Может, не стоило рассказывать ему эту историю? Но разве у нее был выбор? В поезде до Сиены, прежде чем она забылась сном на плече Уоллингфорда, он потребовал объяснить, что такое важное заставило их обоих вылезти из удобной постели и отправиться неизвестно куда. Абигайль не могла сопротивляться, поэтому вкратце пересказала историю замка и проклятия, довлеющего над семьей Монтеверди. При упоминании об английском лорде Уоллингфорд побледнел.

— А теперь ты скажешь мне, что его имя было Коппербридж, — выпалил он.

Абигайль порылась в памяти и вспомнила:

— Точно! Коппербридж!

Герцог с неохотой поведал о том, что владельцем замка является его дед, и это признание поразило Абигайль, точно удар грома.

«Это судьба», — сказала синьора Морини.

Церковный колокол медленно и уверенно отсчитал четверть часа.

Абигайль взглянула в угрюмое лицо Уоллингфорда.

— Подумай о Джакомо и Морини. Подумай о своем деде, владевшем замком.

— Я уверен — всему этому есть какое-то объяснение. Наверняка какой-то трюк этого старого мерзавца герцога Олимпия. Не знаю, зачем ему это нужно? Может, для того, чтобы меня женить?

Абигайль положила ладонь на его руку.

— Не пытайся меня отговорить. Просто позволь посмотреть, действительно ли она здесь. Что дурного может случиться?

— Да все, что угодно, — мрачно пробурчал Уоллингфорд.

— Меня не постригут в монахини, если ты этого боишься. — Она привстала на цыпочки и поцеловала своего герцога в щеку. — Я буду осторожна, обещаю.

— Ну конечно. Ты развеяла мои сомнения.

— Обещаю вернуться через час. Доволен?

— Ну по крайней мере покажись мне, когда окажешься за воротами. — Уоллингфорд собственнически сжал руку Абигайль.

Когда они подошли к крепкой деревянной двери, обитой кованым железом, которая посреди каменной стены выглядела точно вход в средневековую крепость, Уоллингфорд поднял тяжелый дверной молоток и с силой ударил им один раз.

— Благодатное место, — заметил он, стараясь рассмотреть хоть что-нибудь через решетку.

Изнутри не доносилось ни звука.
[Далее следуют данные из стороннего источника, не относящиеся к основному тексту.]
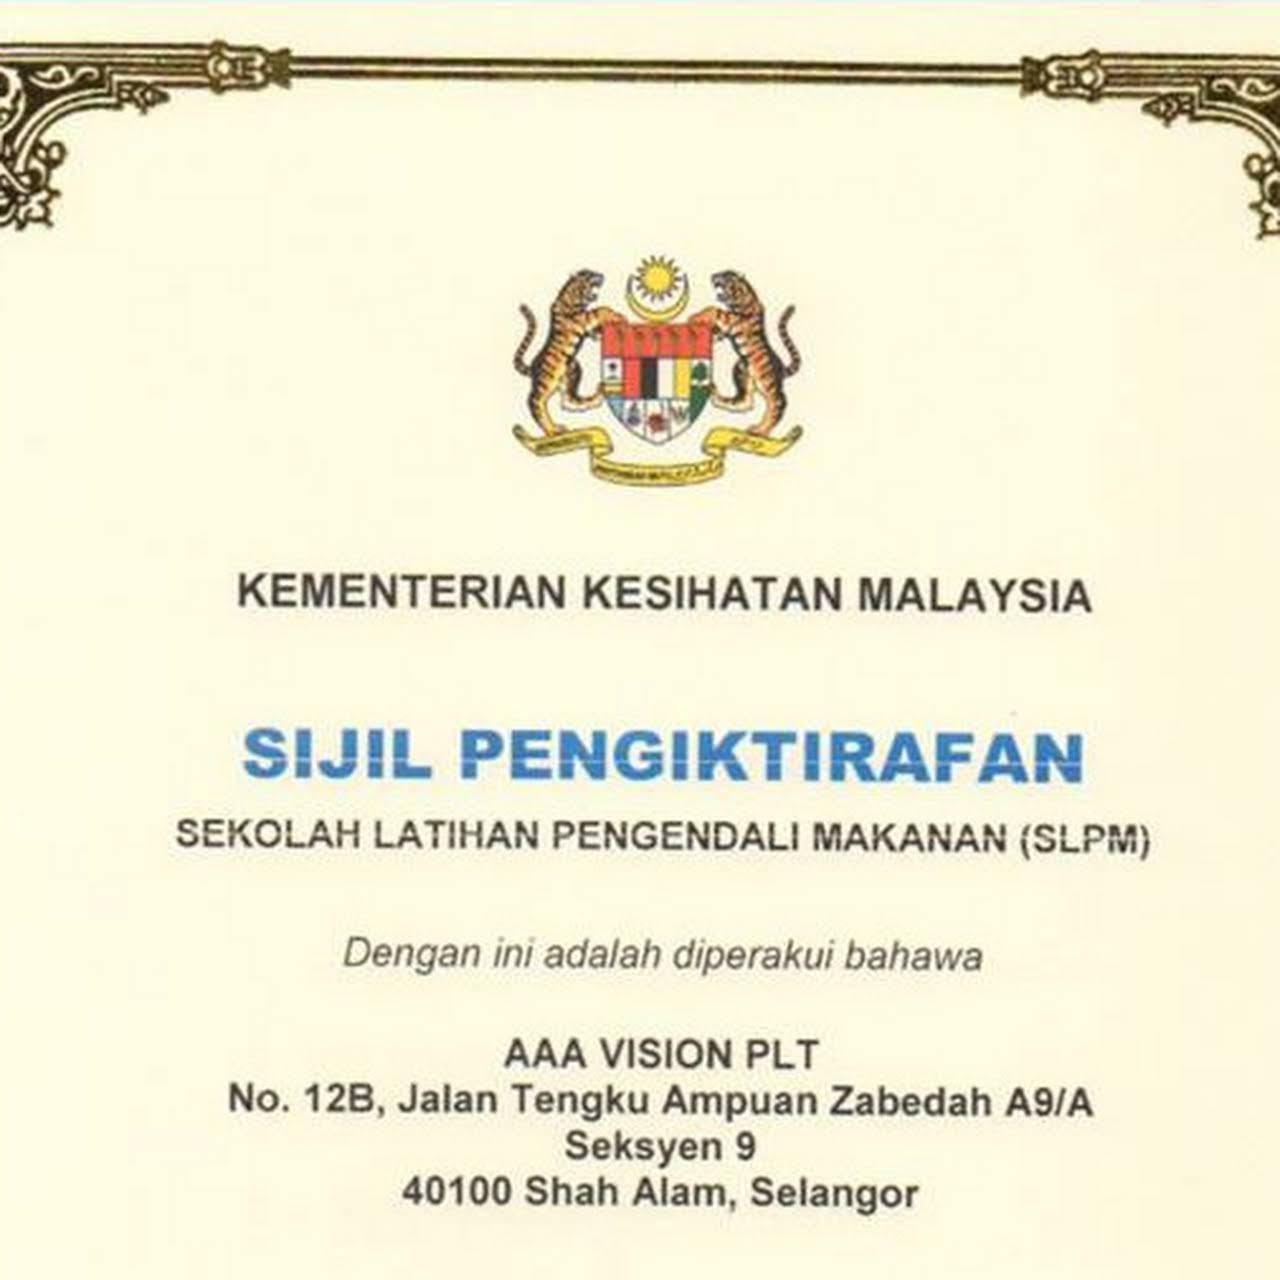 Kursus Pengendalian Makanan Klang Shah Alam Aaa Vision Academy Training Centre In Sungai Udang

Уоллингфорд вновь ударил молотком по двери. Три раза.

— Здравствуйте! — крикнул он через дверь. — Buon giorno!

— Видишь что-нибудь? — нетерпеливо спросила Абигайль, пытаясь встать на цыпочки и заглянуть через решетку.

— Ничего. Ну и ладно. Может, пойдем поедим пиццы и мороженого? Чертовски жарко. — Уоллингфорд повернулся и взял Абигайль за руку.

— Не глупи. Неужели мы проделали весь этот путь просто так? — Она оттолкнула Уоллингфорда, еще раз стукнула молотком по металлической пластине, да так, что эхо прокатилось по улице и соседним дворам, и громко крикнула:

— Buon giorno!

— Si, si! — раздался голос за решеткой.

— Кто-то идет! — прошипела Абигайль.

Уоллингфорд бросил гневный взгляд на дверь.

— Я уже понял.

— Иду, иду, — послышался сварливый голос, от звука которого, казалось, даже железные прутья решетки вздрогнули.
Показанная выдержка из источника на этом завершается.